Let AI Give You Ideas! How to Automatically Generate Prompts

20250110_111147_931_Preview.png (1131×1600)
  • Generate captions with CLIP.
  • Use looping workflows to create variations.
  • Make minimal corrections when necessary.

Introduction

Hello, this is Easygoing.

The header image above was laid out using Manga Editor DESU!, an AI manga creation support app published by new-sankaku.

This app offers a variety of features that are completely free!

I’ll introduce how to use this app in detail in another post. For now, let’s explore how to generate prompts automatically using image generation AI.

Theme: Supercar Concept Art

This time, the theme is supercar concept art.

Flux1_Redraw_ a close - up view of a sleek modern sports car with a sleek d_00132_.png (2407×2407)

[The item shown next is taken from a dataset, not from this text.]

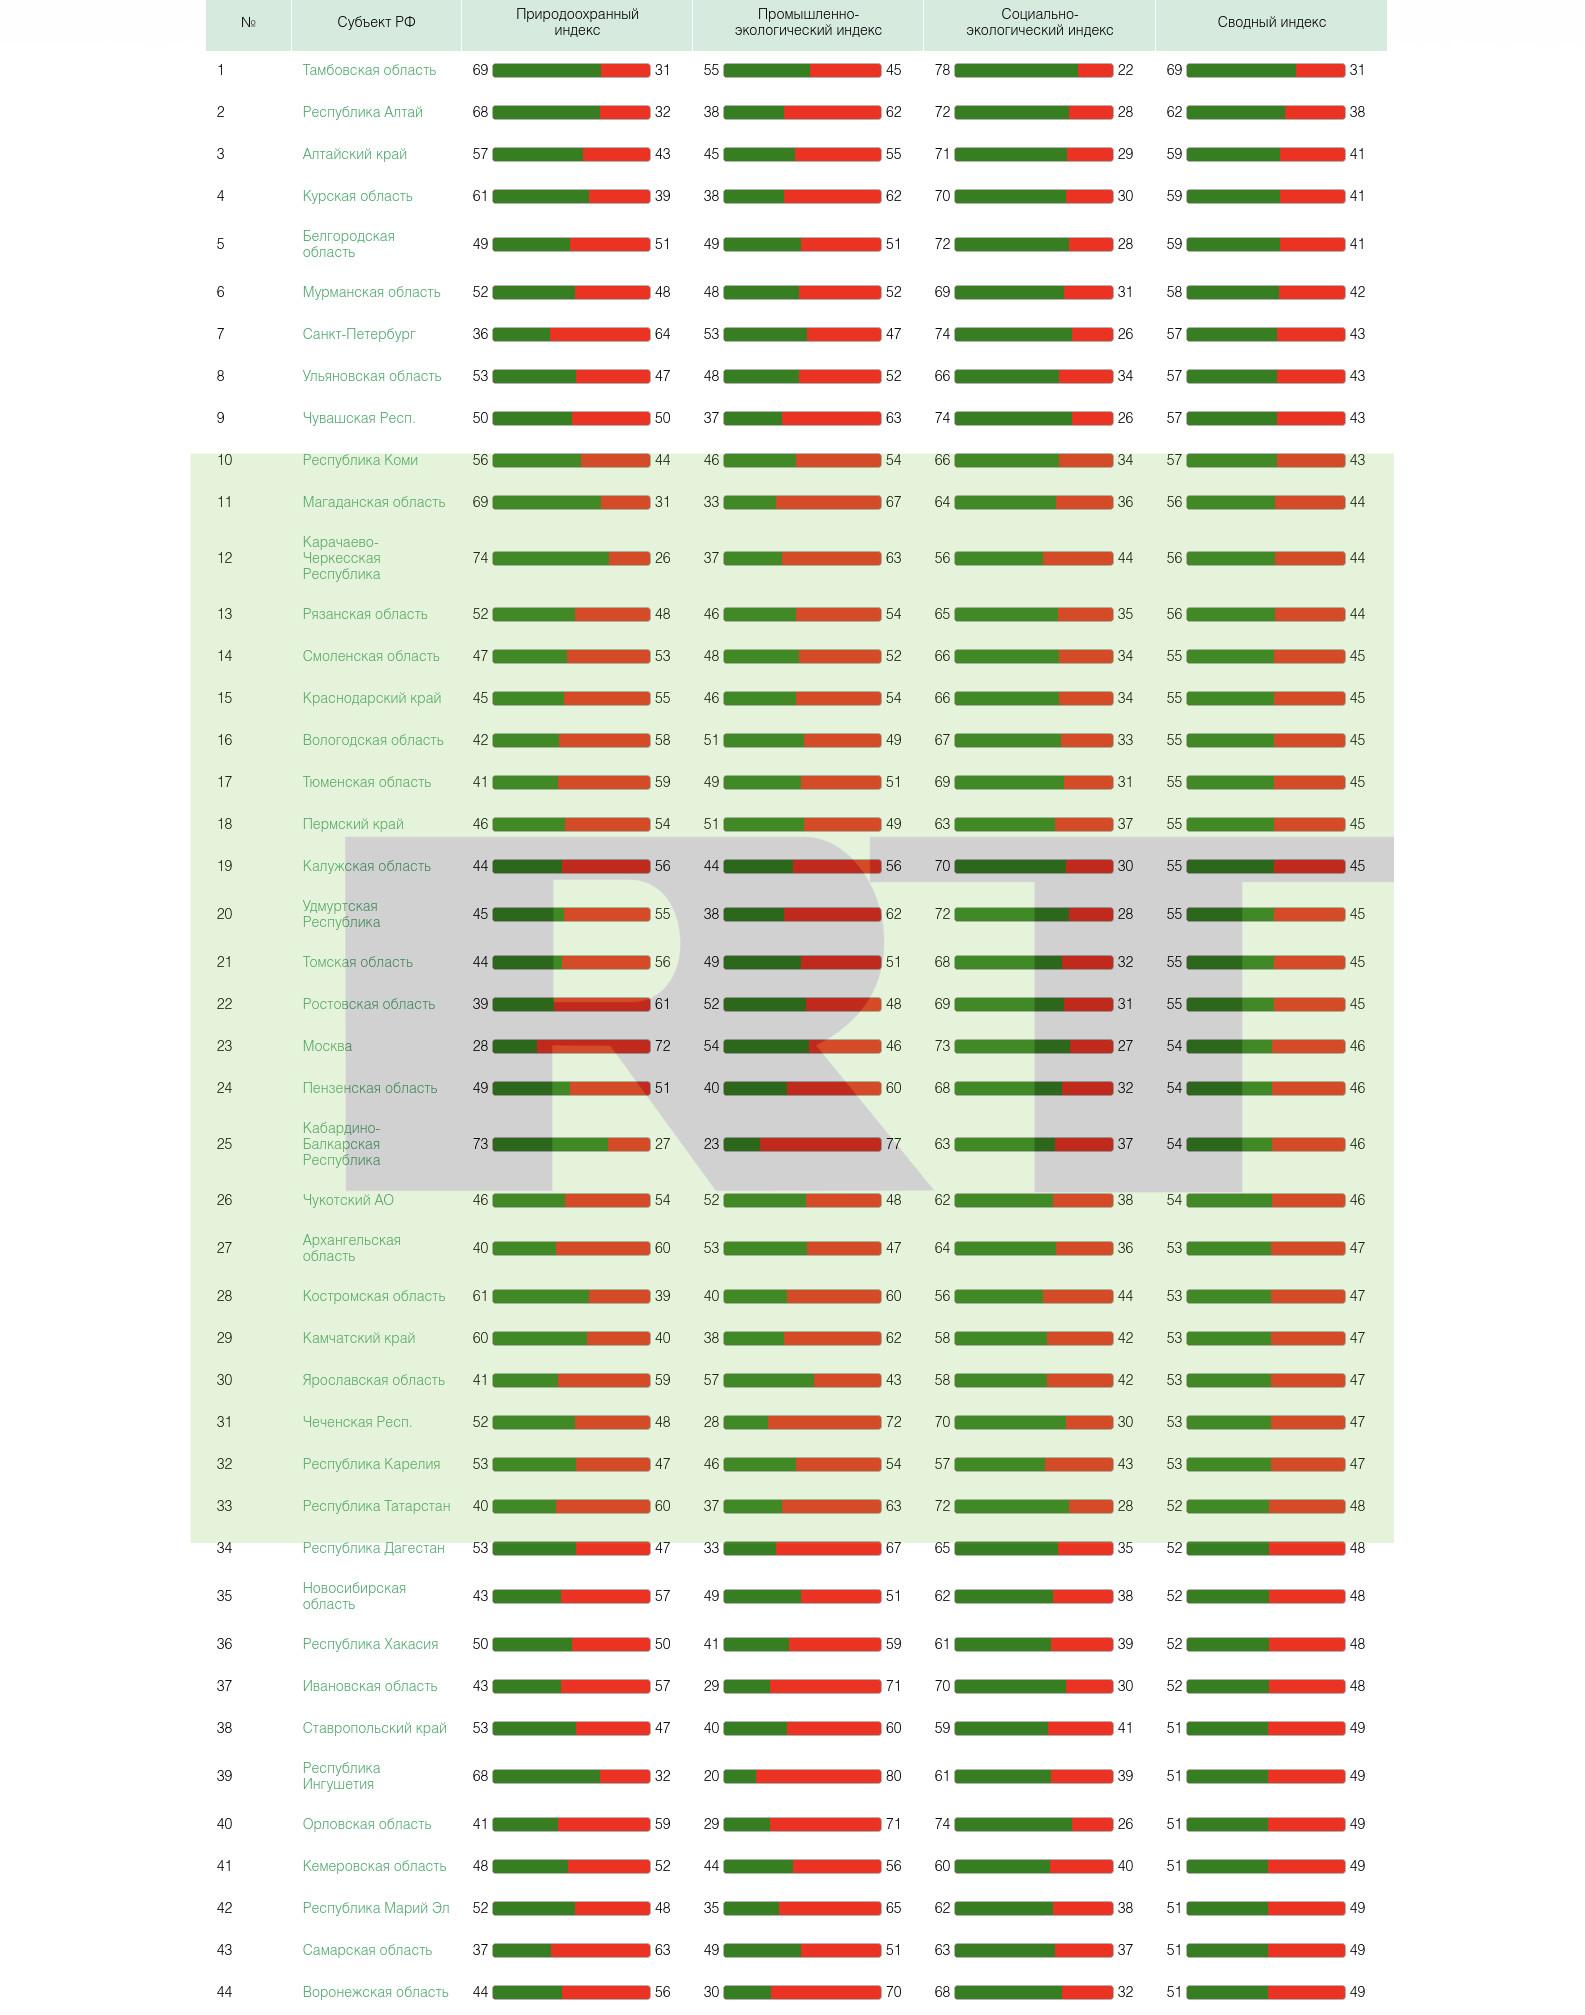 5b15605c370f2c6a378b45c9 Составлен экологический рейтинг регионов России по итогам весны 2018 года

Cool car illustrations are something everyone admires. Let’s see if we can recreate them using AI.

Workflow!

Here’s the workflow used for this process:


flowchart LR
subgraph Input
A1(Prompt)
end
subgraph SDXL
B1(Base Sketch)
end
subgraph FLUX.1-Depth-dev 
C1(Fix Composition)
end
subgraph FLUX.1-dev
D1(Final Touches)
end
A1-->B1
B1-->|ControlNet<br>Depth|C1
C1-->D1
D1-.->|Captioning|A1

Now, let’s break down the process step by step, illustrated with examples.

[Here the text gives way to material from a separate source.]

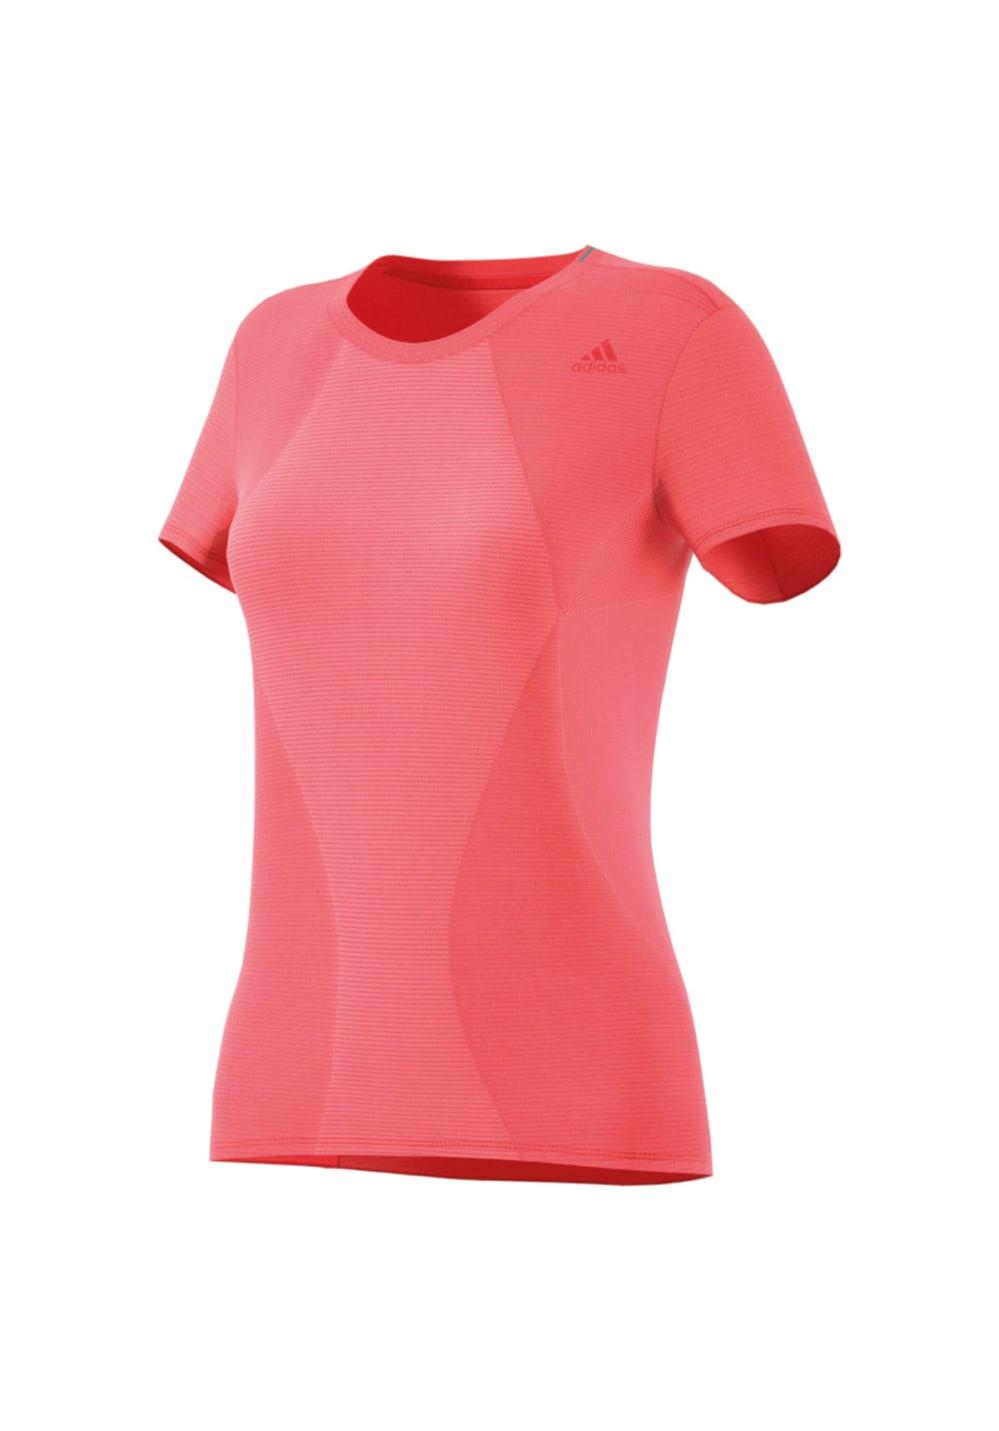 adidas Supernova Tee - Laufshirts für Damen - Rot, Gr. XS

Step 1: SDXL (Base Sketch)

First, we use the previous generation SDXL to create a base sketch.

SDXL_Rough_ a gold sports car is parked on a street at night with a cityscape in the background the car has a sleek design with a prominent front grille round headlights and a distinctive front grille.png (1024×1024)

SDXL anime models can produce diverse compositions. However, since the texture quality of Flux.1 is superior, this composition will be transferred to Flux.1 using ControlNet’s depth feature.

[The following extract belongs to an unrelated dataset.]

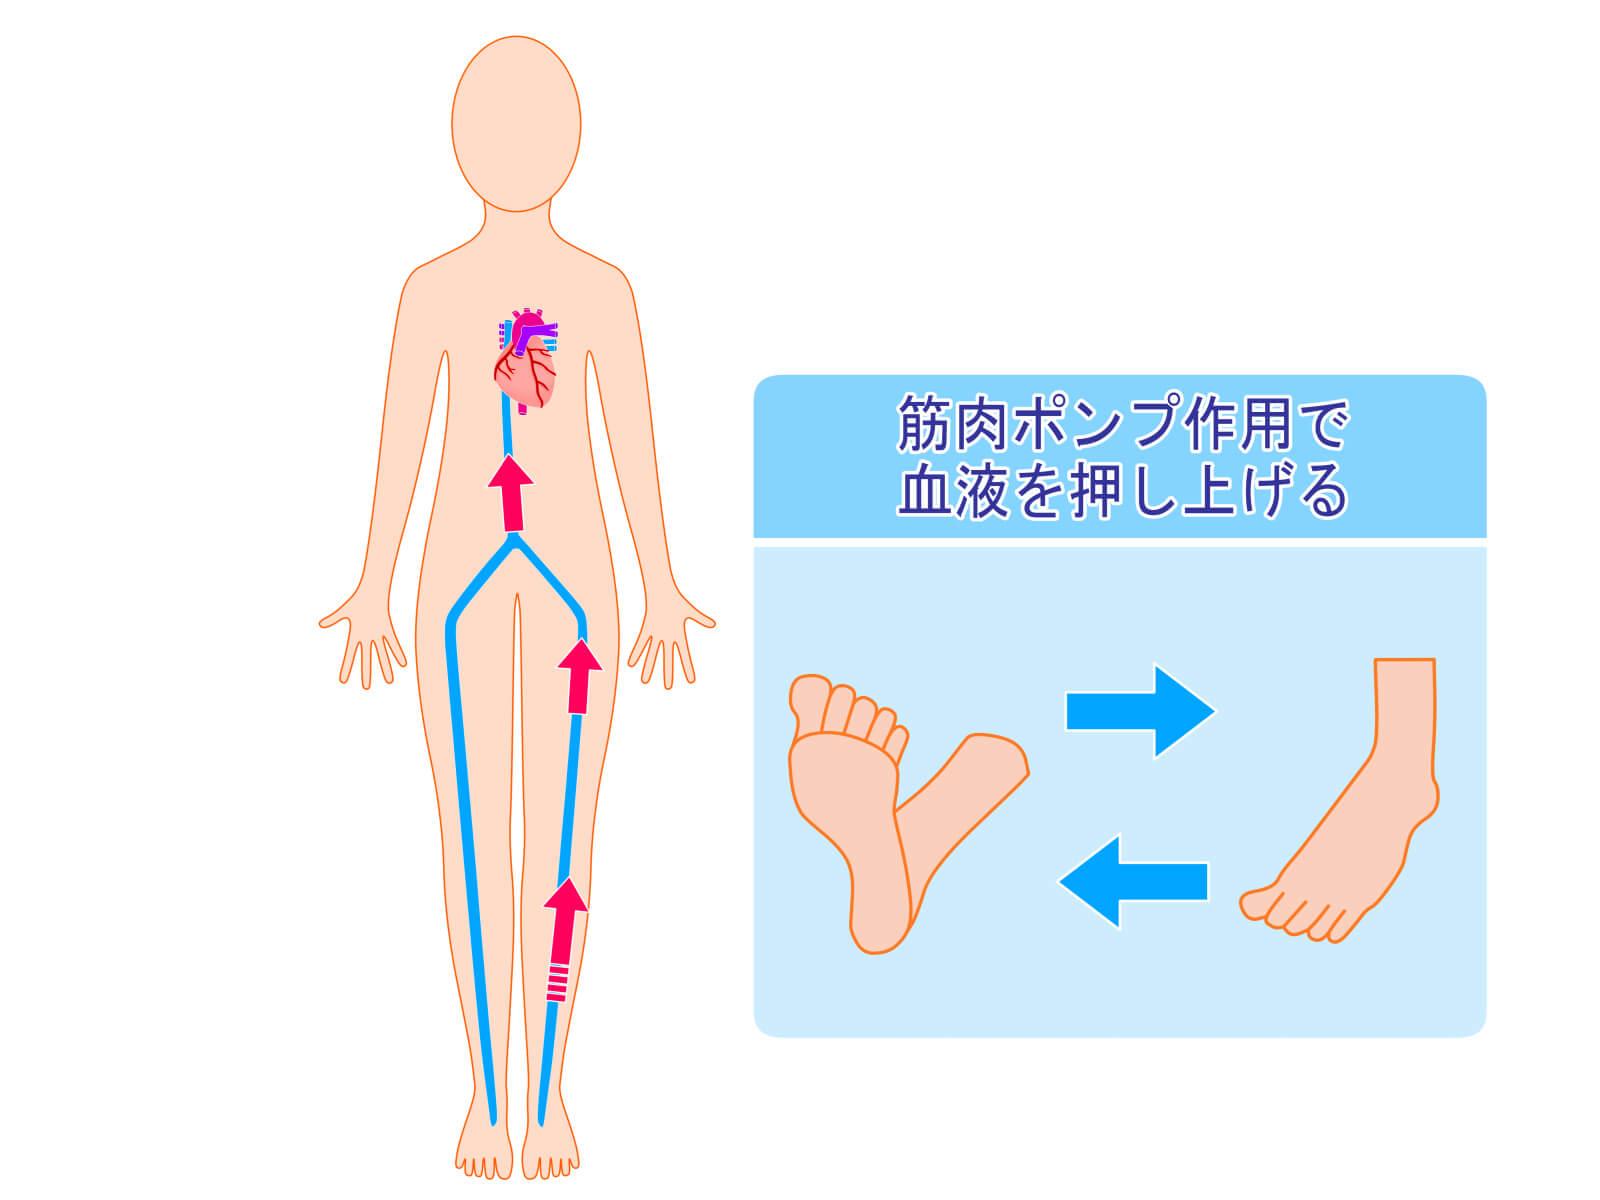 筋ポンプ作用と血液循環

Step 2: Depth-Anything-V2 (Depth Map Extraction)

depth_color_map

Here, a depth map is extracted from the base sketch using Depth-Anything-V2.

Step 3: Flux.1-Depth-dev (Fixing Composition)

Flux1_Depth_ a vibrant multi - colored sports car is parked on a street at night with a cityscape in the background the car has a sleek design with a prominent front grille round headlights and a dist.png (1448×1448)

Using the extracted depth map, the official Flux.1 depth model refines the composition.

The Flux.1-depth-dev model works with ControlNet while consuming regular VRAM, but its texture quality is inferior to the standard model.

Therefore, after partial rendering, we switch to the standard Flux.1 model for the final touches.

Step 4: FluxesCore-Dev_V1.0 (Final Touches)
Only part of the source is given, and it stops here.